Detailed Description
The method of designing an optimal cross-section for a rectangular-like tunnel according to the present invention will be described in more detail with reference to the accompanying drawings, in which preferred embodiments of the present invention are shown, it being understood that the invention described herein can be modified by those skilled in the art while still achieving the advantageous effects of the invention. Accordingly, the following description is to be construed as broadly known to those skilled in the art and not as limiting the invention.
As shown in fig. 1 to 7, a rectangular-like tunnel optimum cross section design method is completed by MATLAB, and includes the following steps:
s1, ensuring driving safety in a tunnel, and determining the limit that any object cannot invade in a certain height and width range of a tunnel cross section according to the existing tunnel design specification and tunnel construction application.
Determining a tunnel building limit M0, including the short axis length D of the limit 0 Length W of long axis 0 The shape is as follows; the shape is an asymmetric structure. The tunnel construction boundary is 8880mm long, 5500mm high, and irregularly shaped as shown in fig. 3.
Step S2, simplifying the tunnel building limit M0 determined in the step S1 into a symmetrical shape, wherein the simplified tunnel building limit M1 completely comprises the tunnel building limit M0 before simplification. Wherein the length W 0 =8880 mm, width D 0 =5500mm,s 1 =760mm。
S3, constructing a rectangular-like tunnel contour mathematical model A per 。

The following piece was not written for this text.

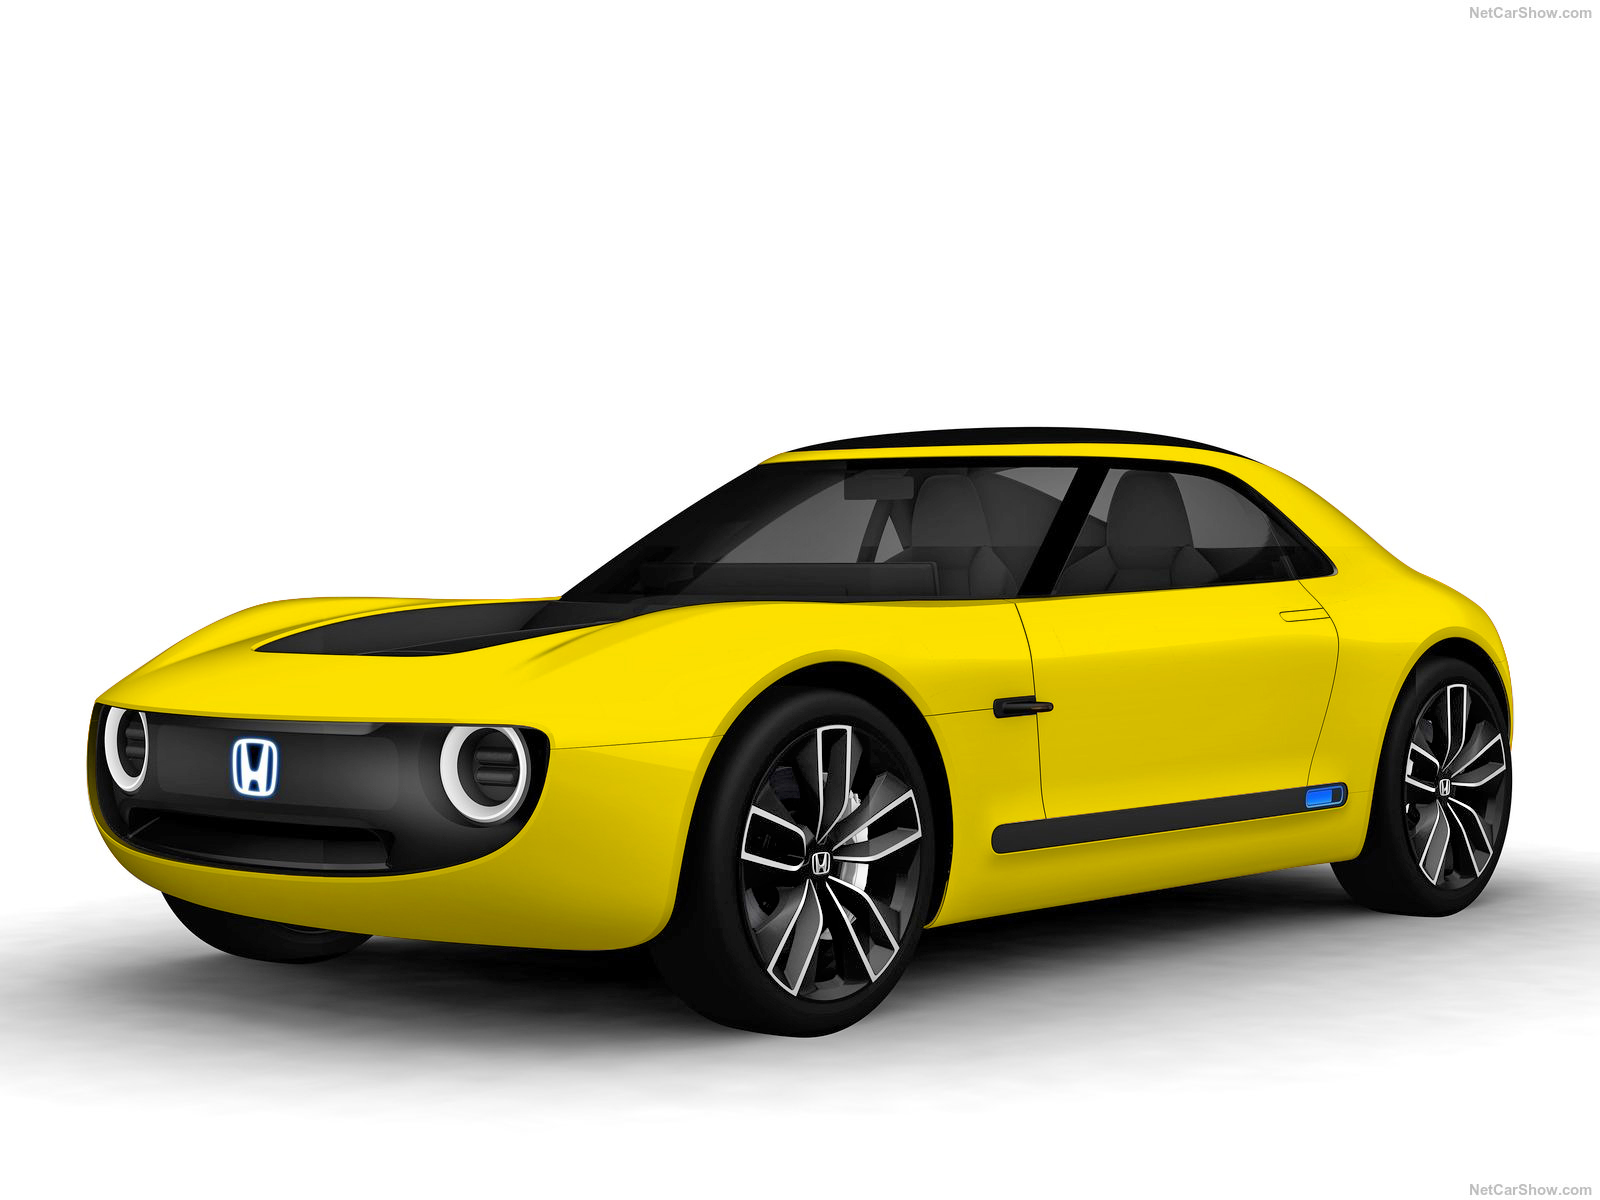 Honda Sports EV concept from 2017 shown for representation

As shown in fig. 5, h is known 1 =2750mm,h 2 =1990mm,d 1 =4400mm,d 2 =3640mm;
Step S31, taking 1/4 of the tunnel building limit M1 simplified in the step S2 as a study object, setting the cross section of the quasi-rectangular tunnel:
according to the principle that the tunnel contour line is as close to the building limit as possible (the minimum excavation area is sought) and smoothness is indicated, the cross section contour of the 1/4 rectangular tunnel is set to be composed of an arc I, an arc II and an arc III which are sequentially connected;
setting the circle center O of the arc I 1 Located on the y-axis of the coordinates and having coordinates (0, y) 1 ) Circle center O of arc II 2 The coordinates are (x) 2 ,y 2 ) Circle center O of arc three 3 Is located on the x-axis of the coordinates and has a coordinate (x 3 0), the intersection point A of the arc I and the arc II 1 (d 2 ,h 1 ) Tangent to the arc II and the arc III at an intersection point A 2 (d 1 ,h 2 ) And (5) tangential.
The setting basis is specifically as follows:
(1) The simplified tunnel construction boundary M1 is symmetrical about the centroid, and assuming that the coordinates x and y axes pass through the centroid of the graph, the simplified tunnel construction boundary M1 is also symmetrical about the x and y axes;
taking 1/4 of the tunnel construction limit M1 simplified in S2 as the subject:
the circular arc I and the part symmetrical about the y axis are determined by a sector with the same radius and circle center, and the sector is symmetrical about the y axis, then the circle center O of the circular arc I 1 Must lie on the y-axis of the coordinates and have a coordinate of (0, y) 1 );
The third arc and the part symmetrical about the x-axis are determined by a sector with the same radius and circle center, and the sector is symmetrical about the x-axis, then the circle center O of the third arc 3 Is located on the x-axis of the coordinates and has a coordinate (x 3 ,0);
(2) The smoothness of the tunnel contour line is ensured, namely the same tangent line needs to exist at the intersection point A1 of the arc I and the arc II, and the same tangent line needs to exist at the intersection point A2 of the arc II and the arc III;
triangle O 2 A 1 A 2 Is isosceles triangle, so the circle center O of the arc II 2 (x 2 ,y 2 ) Located at the line segment A 1 A 2 The vertical line at the midpoint.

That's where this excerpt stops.